Однако Зоя-августа осталась верна себе.
- Всякое зло добром очищается, сын мой. Сестры на неё не в обиде, если иной раз позволит себе лишнее.
- Ты, матушка, праведница и защитница всех сирых, даже если они недостойны. Живи по своим законам, родимая.
Багрянородный провёл в обители несколько дней. По утрам ходил вместе с монахинями и матерью молиться е новый храм. Осмотрел всё хозяйство монастыря. Стараниями Зои-августы и Мелентины в обители всё было приведено в образцовый порядок. Инокини не бедствовали. Константин помнил, что из государственной казны в обитель ежегодно делаются вклады. Он встретился с Мелентиной. Она была к нему почтительна, и в её глазах ни разу не сверкнул огонь неприязни, тем более вражды. Скрытности Мелентины мог бы позавидовать каждый хитрец и недоброжелатель. Повидал Константин и Пелагию. Он пришёл к ней в келью вместе с Зоей-августой. Пелагия представилась ему святой. Её глаза излучали некое тёплое свечение. Она умирала, но казалось, что только плоть её уходила от людей, душа же оставалась с ними. Голос у Пелагии уже угас, она лишь шевелила губами. Но все, что она пыталась донести до окружающих, ими было понято.
- Церковь тебя никогда не забудет, матушка Пелагия, - произнёс на прощание Багрянородный.
Константин уже свыкся с бытом обители, с чистотой её жизни. Пробыв среди монахинь неделю, он думал провести ещё несколько дней близ матери. Но в ночь со среды на чистый четверг пришёл к нему сон, который показался грозным и вещим. Будто бы в Магнавре началось некое столпотворение, все убегали из дворца, смешивались с толпой горожан и валом катились к бухте Золотой Рог. Там собравшаяся огромная толпа, и он среди неё увидели вдруг в бухте кипящую, как в котле, воду, вздыбившуюся холмом. На вершине того холма стоял Роман Лакапин. Он махал руками, что-то кричал, звал на помощь, и, обессиленный, стал медленно опускаться с холмом в пучину. А спустя мгновение вода в бухте засверкала гладью, и когда Багрянородный оглянулся, то вокруг не было ни души. Опустив голову, он побрёл в Магнавр, подошёл к закрытым воротам, начал стучать в них кулаками, кричать. С тем император и проснулся. Он провёл ладонью по лицу - оно всё было в липком поту.
Когда рассвело, Багрянородный оделся, пришёл к Зое-августе и рассказал ей о том, чему стал свидетелем во сне. Она погладила его по руке и сказала:
- Тебе пора уезжать, сынок. Там, в Магнавре, случилось несчастье.

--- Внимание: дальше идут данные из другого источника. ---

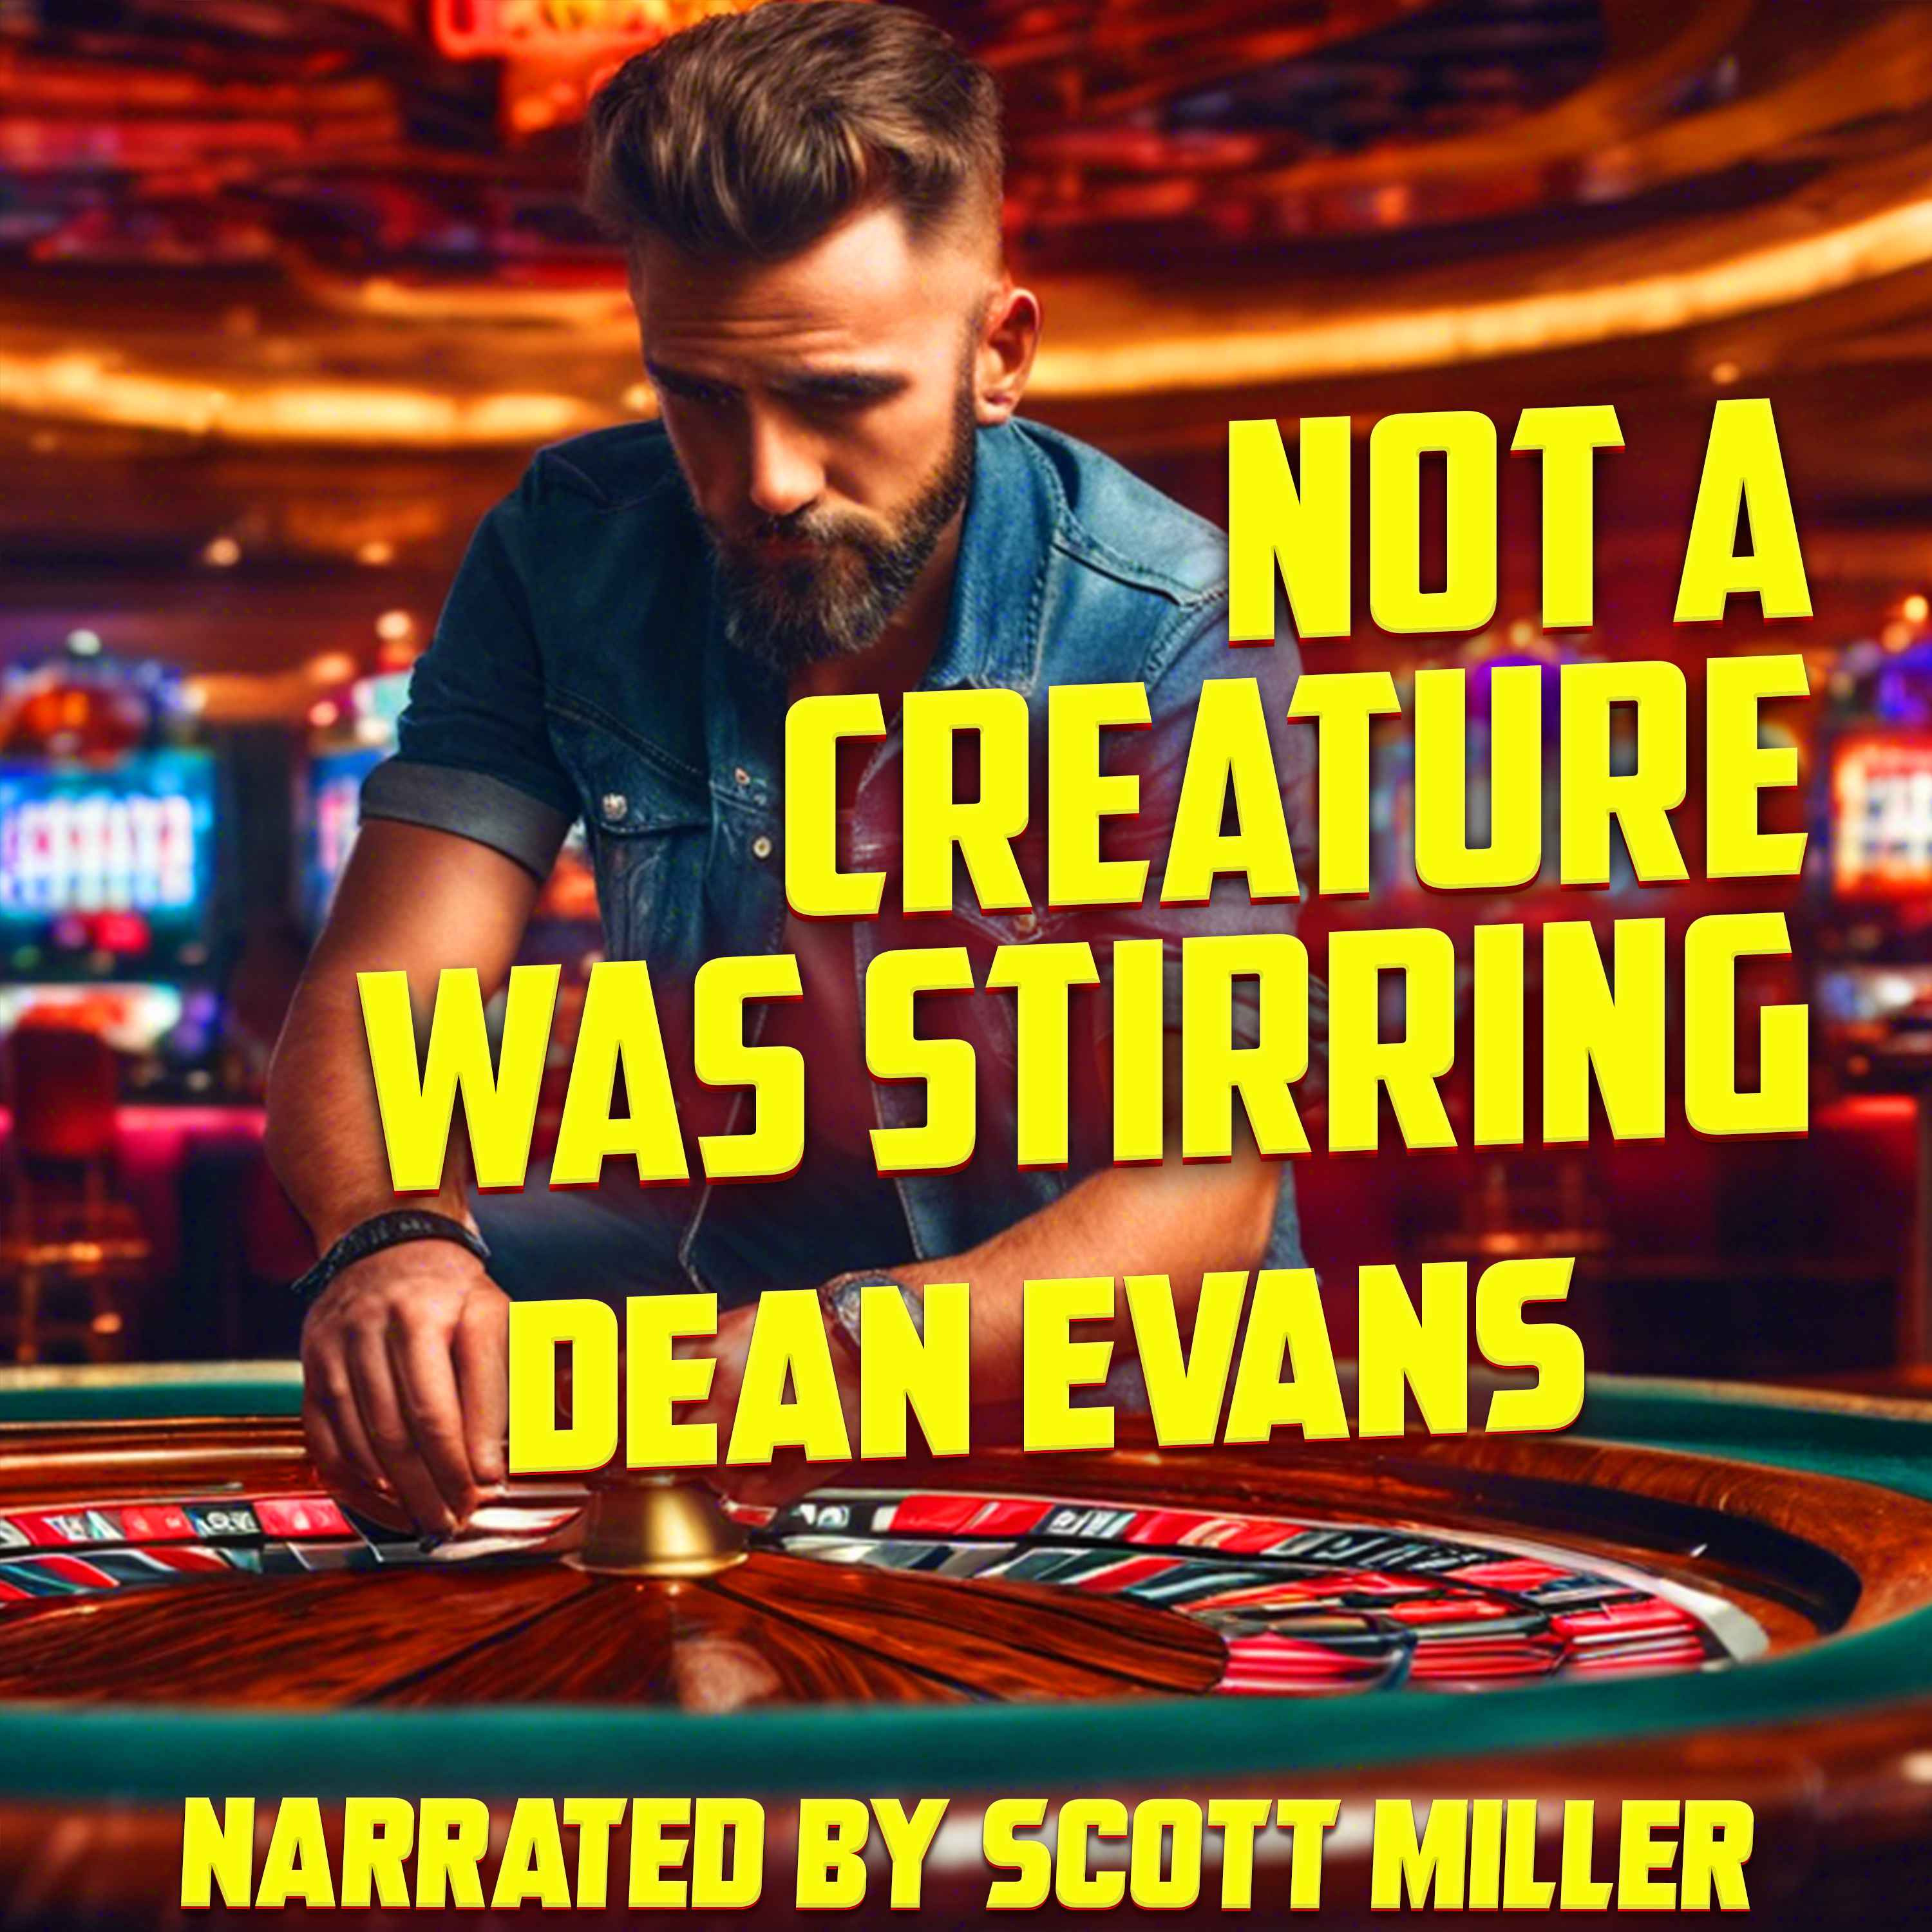 Not a Creature Was Stirring by Dean Evans - Apocalyptic Sci-Fi Short Story from the 1950s

- Но, матушка, это только сон! - воскликнул Багрянородный.
- Поезжай, родимый. Нынче и мне в ночь было то же видение: на моих глазах канул в морскую пучину Роман Лакапин.

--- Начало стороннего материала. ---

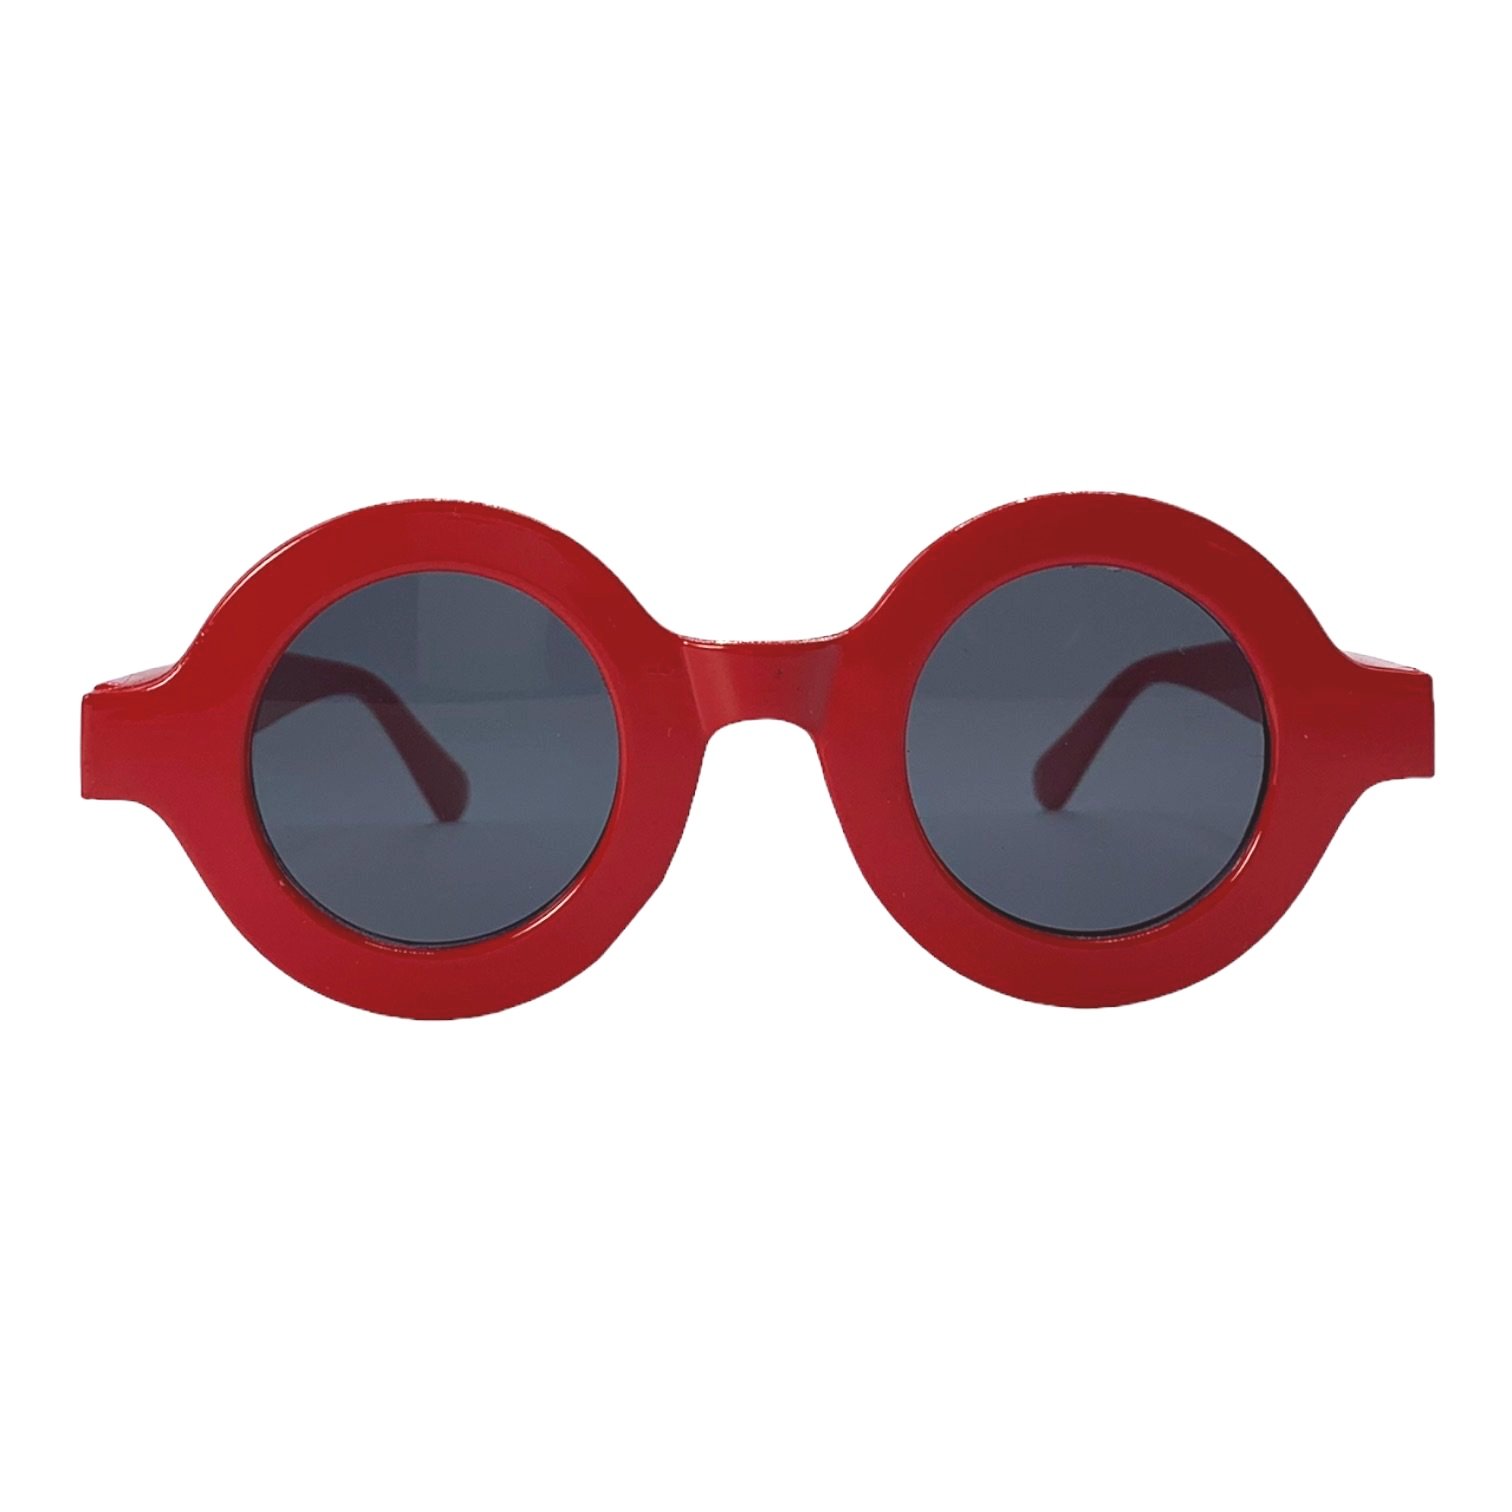 Discover more than 215 red round sunglasses

- Вот как! Тогда я помчу в Магнавр, матушка! Когда двоим снится одно и то же, это уже не сон, а явь.
Спустя совсем немного времени, ещё и рассвет не наступил, Багрянородный покинул монастырь. В соседнем с монастырём селении к нему присоединился Никанор с гвардейцами, и колесница императора, сопровождаемая конной сотней, помчалась в Константинополь. На другой день, вновь проведя ночь в пути, также на рассвете император приехал в столицу. Утренний город жил обычной жизнью. Ничто не говорило о том, что в нём случились какие-либо потрясения. И в Магнавре было спокойно. Но эти тишина и благодать показались Константину обманчивыми. Он поднялся на второй этаж, но не пошёл на свою половину, а отправился в покои Лакапинов. Встретив в них слуг, спросил:
- Басилевс у себя?
- Нет его, Божественный. Он вечером куда-то уехал, - был ответ.
- Позовите императрицу, - велел Багрянородный.
Марию лишь недавно одели, и она была сонная.
- Где Роман? - спросил Багрянородный.
- Вчера уехал в Никомидию.
- Зачем?
- Он этого не сказал. Оттуда приехал посланник, я его видела, молодой, благородный. Они о чем-то пошептались, и Роман, сообщив, что едет в Никомидию, оделся и ушёл.
- В какое время это было?
- Вечером. Мы только что закончили трапезу.
- И он уехал один?
- Нет, взял гвардейцев. Я видела, как от Магнавра отъехали четыре человека.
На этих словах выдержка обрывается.